2) The president appears not to have grasped how serious a setback
to his beliefs and policies he will sustain if, having so forcefully
rejected the siren's song of arms control, he were now to authorize
Colin Powell's State Department to resume its favorite type of "business
as usual": treaties or executive agreements rooted in the principle
of rough equality between the United States and the former USSR
and an unwarranted belief that Russia will actually live up to its
end of the bargain.
President Bush
had it right to begin with: Arms-control treaties are likely to
prove a hindrance to more normal relations with Russia, not a catalyst
for them.
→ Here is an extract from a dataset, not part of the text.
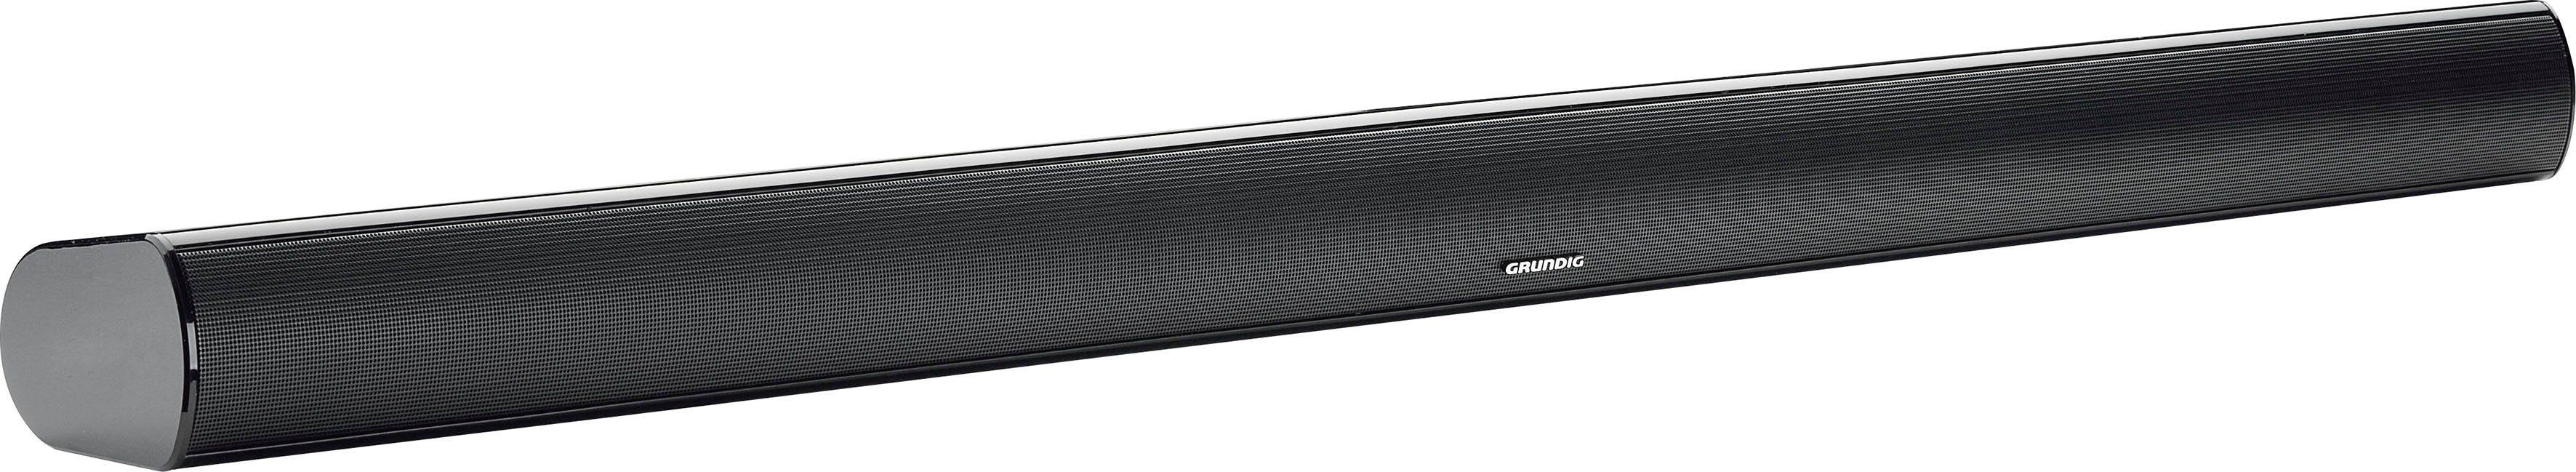 Grundig DSB Soundbar 950 schwarz 2.0 (Bluetooth, 40 W)

The Russians will seize on the negotiation and substance
of such accords as an opportunity to reestablish themselves as peers
of the United States and to manipulate the "process" for
advantage internationally and with sympathetic members of the American
academic, policy, and media elites. This will likely translate into,
among other things, a formal obligation not only to remove large
numbers of warheads from operational status but to destroy them
a formula for compromising some of this country's most sensitive
secrets. It may also encourage congressional efforts to countermand
Mr. Bush's decision to withdraw from the ABM Treaty.
Even more troubling,
any resuscitation of traditional arms control would make it less
likely that President Bush will be able to pursue his strategy for
a new sort of arms control: Using regime change as an instrument
for ending the proliferation of weapons of mass destruction and
their delivery systems. If allowed to get away with it once again,
Russia which is actively contributing to such proliferation
will doubtless revert to form, threatening to abandon or
impede the arms-control negotiations if its friends are threatened
by the U.S., and enlisting Americans heavily invested in that process
to echo their warnings.
Mr. Bush needs
to stay the course. Henceforth, he should contemplate only unilateral
changes to U.S. nuclear-force levels and capabilities. He should
pursue regime change, not negotiated arms control, to mitigate the
danger posed to us by real or potential enemies who cynically ignore
their commitments pursuant to such accords and by those who
naively still think we can rely on the latter.